Hello again, I am still trying to determine why my model’s population goes below 0 which generates an error of imaginary numbers. I am new to Julia, using the latest version on Atom (1.0 I think) and working on Windows10.

I am trying to recreate a three species food chain but keep running into a `Exponentiation yielding a complex result requires a complex argument.

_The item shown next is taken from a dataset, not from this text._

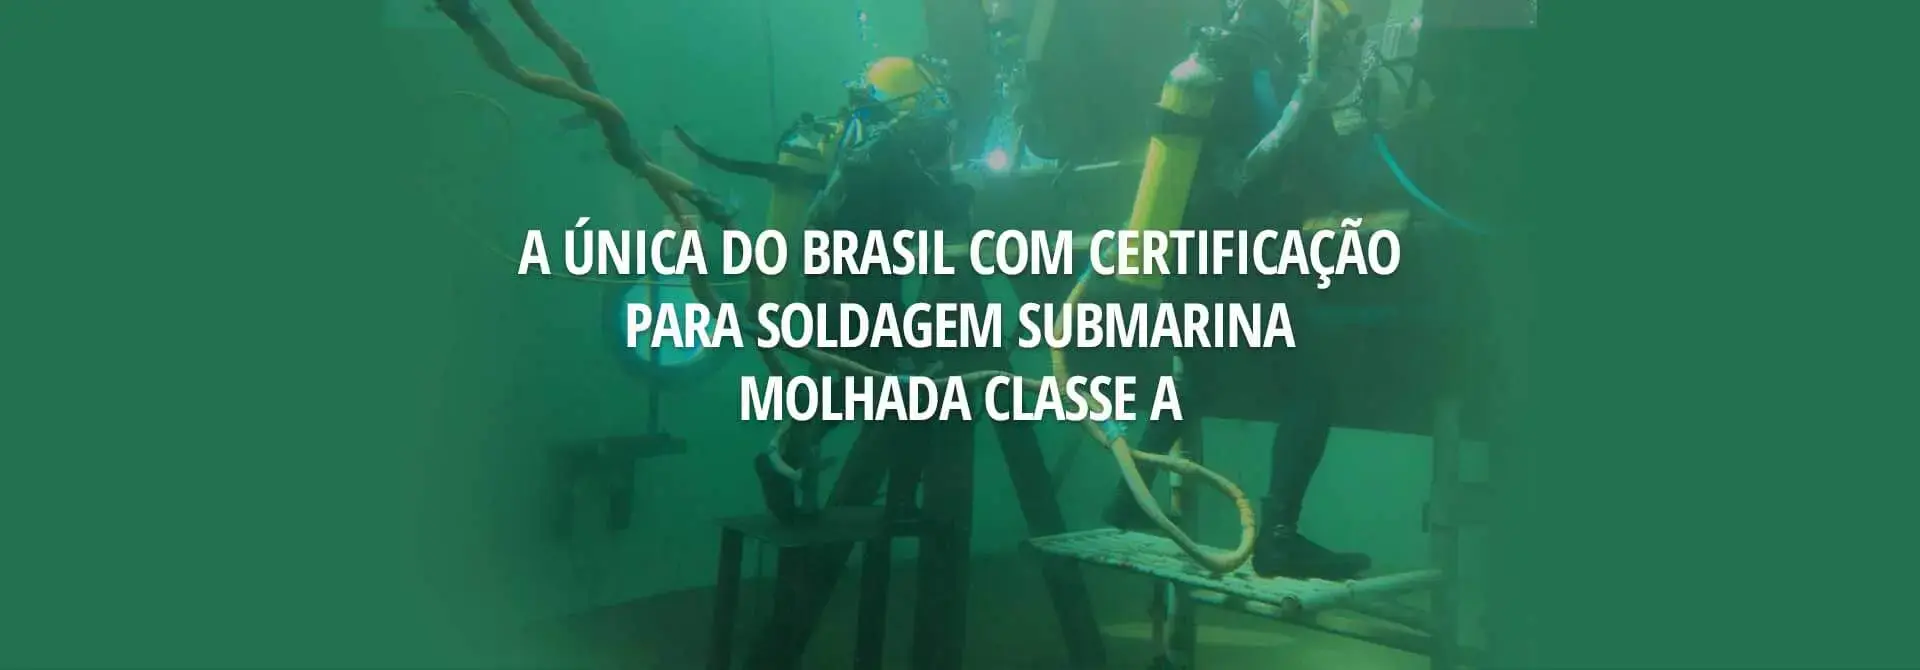 A única do Brasil com certificação para soldagem submarina molhada classe A

Replace x^y with (x+0im)^y, Complex(x)^y, or similar` error in Julia.

But, my code works in R so I am stumped as what to do.

Julia code (that works)

``````using DifferentialEquations
f = @ode_def_bare FoodChain begin
dBB = r*(1- BB/K)*BB -xI*yIB*BI*((BB^h/(B0^h + BB^h))/eIB)
dBI = -xI*BI + xI*yIB*BI*(BB^h/(B0^h + BB^h))-xT *yTI*BT*((BI^h/(B0^h + BI^h))/eTI)
dBT = -xT*BT + xT*yTI*BT*(BI^h/(B0^h + BI^h))
end r K xI yIB h B0 eIB xT yTI eTI q E
u0 = [155.0,107.0,93.0]
tspan = (0.0,1000.0)
p = (1.1, 700, 0.18, 10, 1.2, 80, 0.66, 0.06, 10, 0.85)
# r K xI yIB h B0 eIB xT yTI eTI
prob = ODEProblem(f,u0,tspan,p)
sol=solve(prob, saveat=0.05)

using Plots

plot(sol,xlabel = "Time" ,ylabel = "Density", lw=0.5, layout = (3,1))
``````

If I change r from 1.1 to 0.3 (first parameter), it will generate the previously mentioned error BUT it will work in R. In R the populations do not go below zero, which I thought is the reason for triggering the Julia error.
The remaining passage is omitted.